Già nel sec. XI avevano raggiunto un sì alto grado di ricchezza fondiaria da poter pensare alla fondazione di
enti di beneficenza. Il 29 ottobre 1065 un tal Fiorenzo, detto Barone, del fu Domenico, istituì un ospedale nel
luogo Fulceraco, nella zona di Firenze che oggi porta il nome di Borgo Pinti, non lungi dalla chiesa di S. Pier
Maggiore. Quest'ospedale quando fu sottoposto all'abbazia vallombrosana di S. Paolo di Razzuolo in
Valdisieve prese a chiamarsi di S. Paolo con l'aggiunta di Pinti dal luogo dov'era stato eretto. Il Fiorenzo
capostipite ebbe un figlio pur esso di nome Fiorenzo, che accrebbe la dotazione dell'ospedale donando altri
beni il 18 dicembre 1088. Il medesimo Fiorenzo, " figlio Baroni ", col consenso del padre, il 31 ottobre 1076
aveva consentito a che una tal Clarizia del fu Romolo rinunziasse al monastero di S. Felicita un terreno alla
Romola; e poi, indicato come Fiorenzo del fu Barone, risulta confinante di un terreno a Montelatico nel
suburbio orientale di Firenze. Pazzo di Fiorenzo " Baruni " comprò il 30 giugno 1159 delle terre per conto
dell'ospedale di S. Pier Maggiore. Più tardi, l'8 agosto 1165, Donato figlio di Pazzo comprò dei terreni per
donarli all'ente pio: questo Donato fu l'eponimo della stirpe.

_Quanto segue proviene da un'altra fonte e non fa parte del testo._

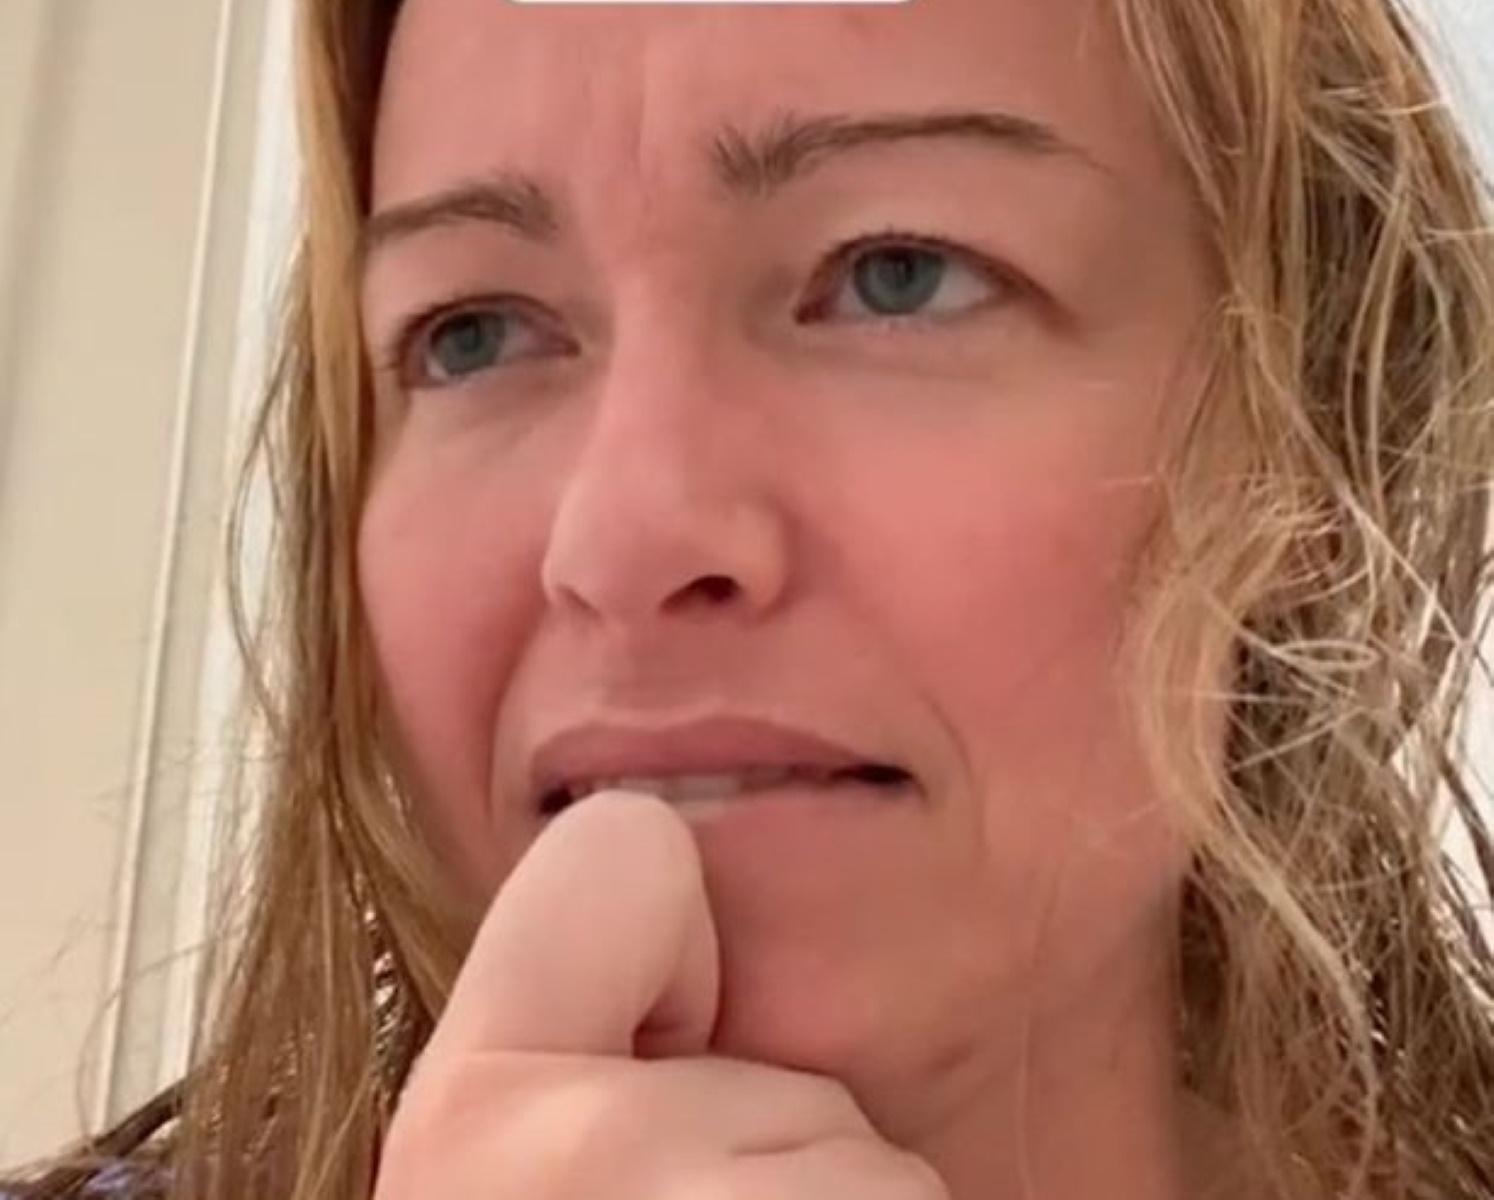 Ανατριχιαστικό video: Άκουσε την κόρη της να μιλά με φάντασμα
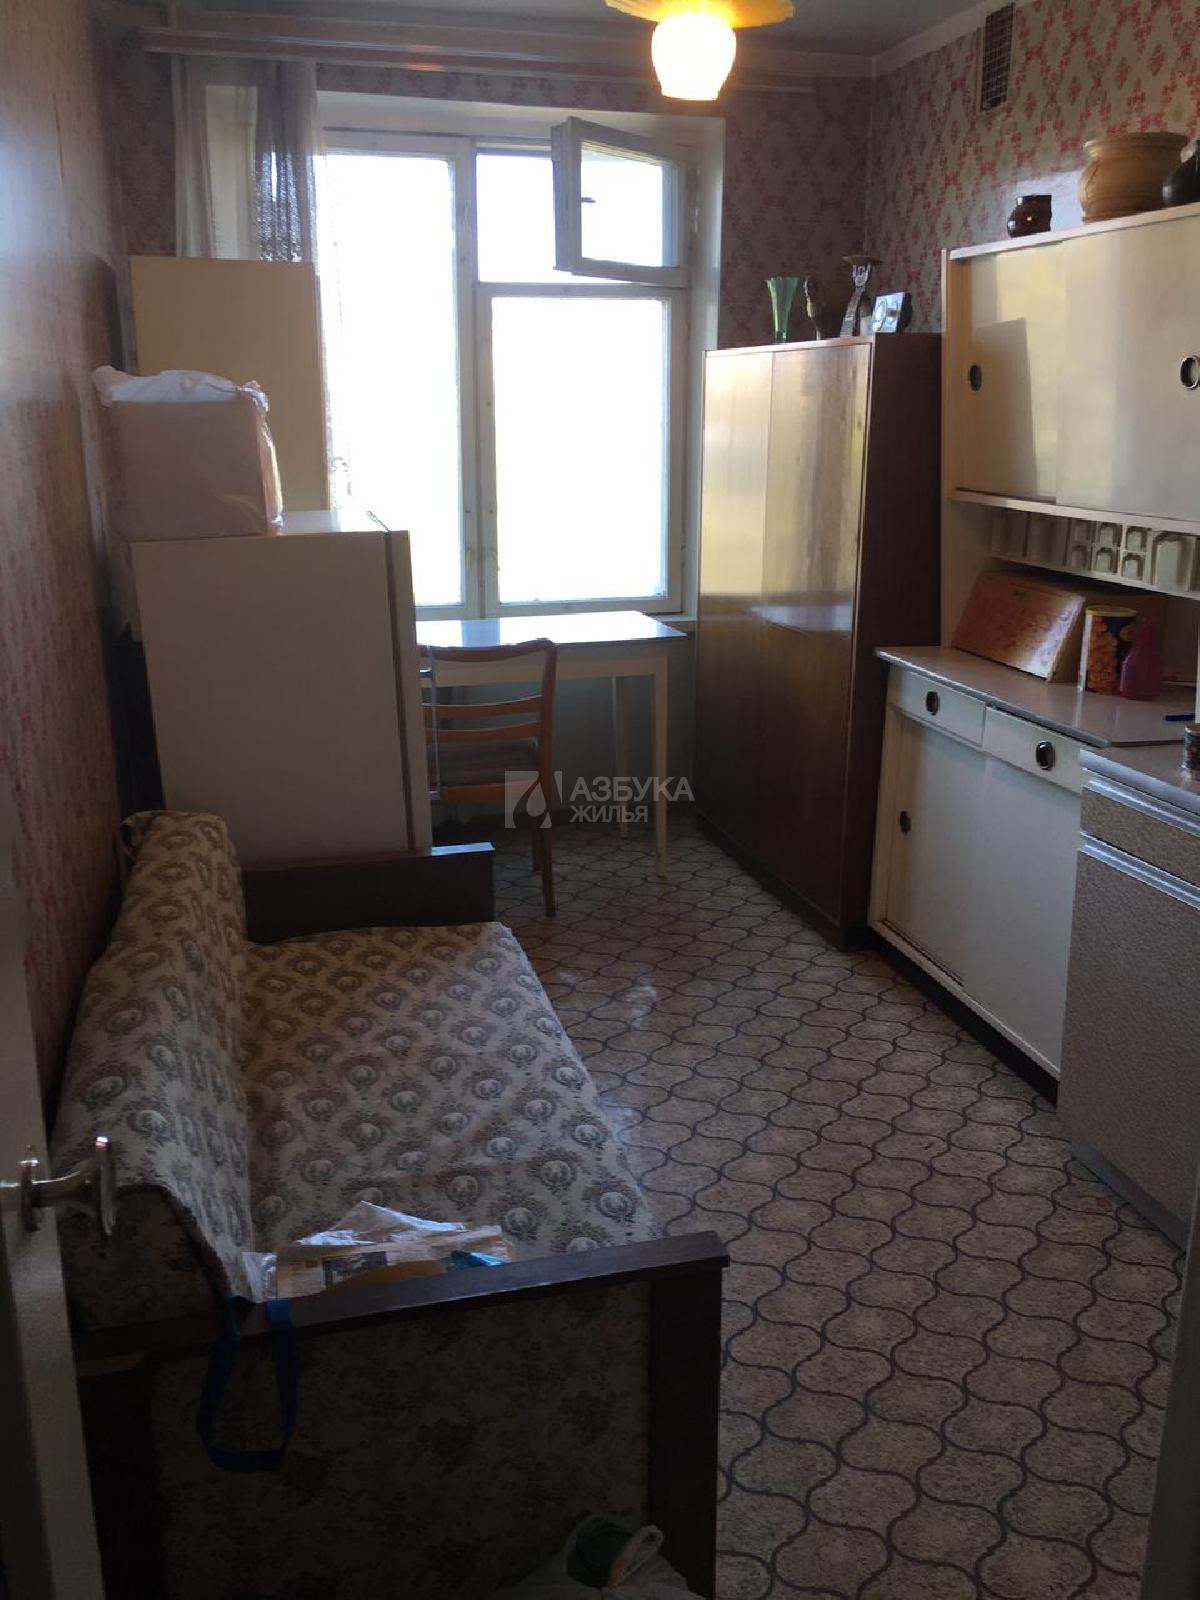 Фото №8 - 1-комнатная квартира, Москва, Шумилова улица 13 корпус 2, метро Кузьминки

Questi antichi Donati possedettero molti beni nella zona fuori della porta che dal monastero di S. Pier
Maggiore prese il nome, nei luoghi detti Pinti e Montelatico, i quali beni giungevano sino al torrente Affrico;
però avevano preso dimora all'interno della cinta murata della città (come par chiaramente dimostrato da
carte dell'anno 1061 dove si parla della pur vicina chiesa di S. Procolo e di suoi beni, confinanti con " Baroni
de Sancto Martino ") dentro la Porta di S. Pier Maggiore, sul rovescio dell'abbazia di S. Maria e di fianco alla
chiesetta di S. Martino che già allora si chiamava del Vescovo e dipendeva dall'abbazia predetta. Forse a
questi Donati appartengono i documenti dell'agosto 1072 e del febbraio 1073 riferentisi ai fratelli Vivenzo e
Baroncello figli di Domenico per terreni da essi presi a livello dall'abbazia di S. Maria e situati " non longe
de ipsa ecclesia Sancti Martini ". Un Fiorenzo del fu Vivenzo, che, forse, nel suo rifaceva il nome dell'avo, si
trova confinante con terra e vigna a Montelatico nel 1107. Degno di attenzione anche il Guglielmo " filii
Baroni de Vadolongo ", teste a un atto del novembre 1072; al qual Guglielmo si può accostare suo fratello
Bernardo " filio Baroni de Vadolongo ", che appose il suo signum manus a una carta del 18 aprile 1090.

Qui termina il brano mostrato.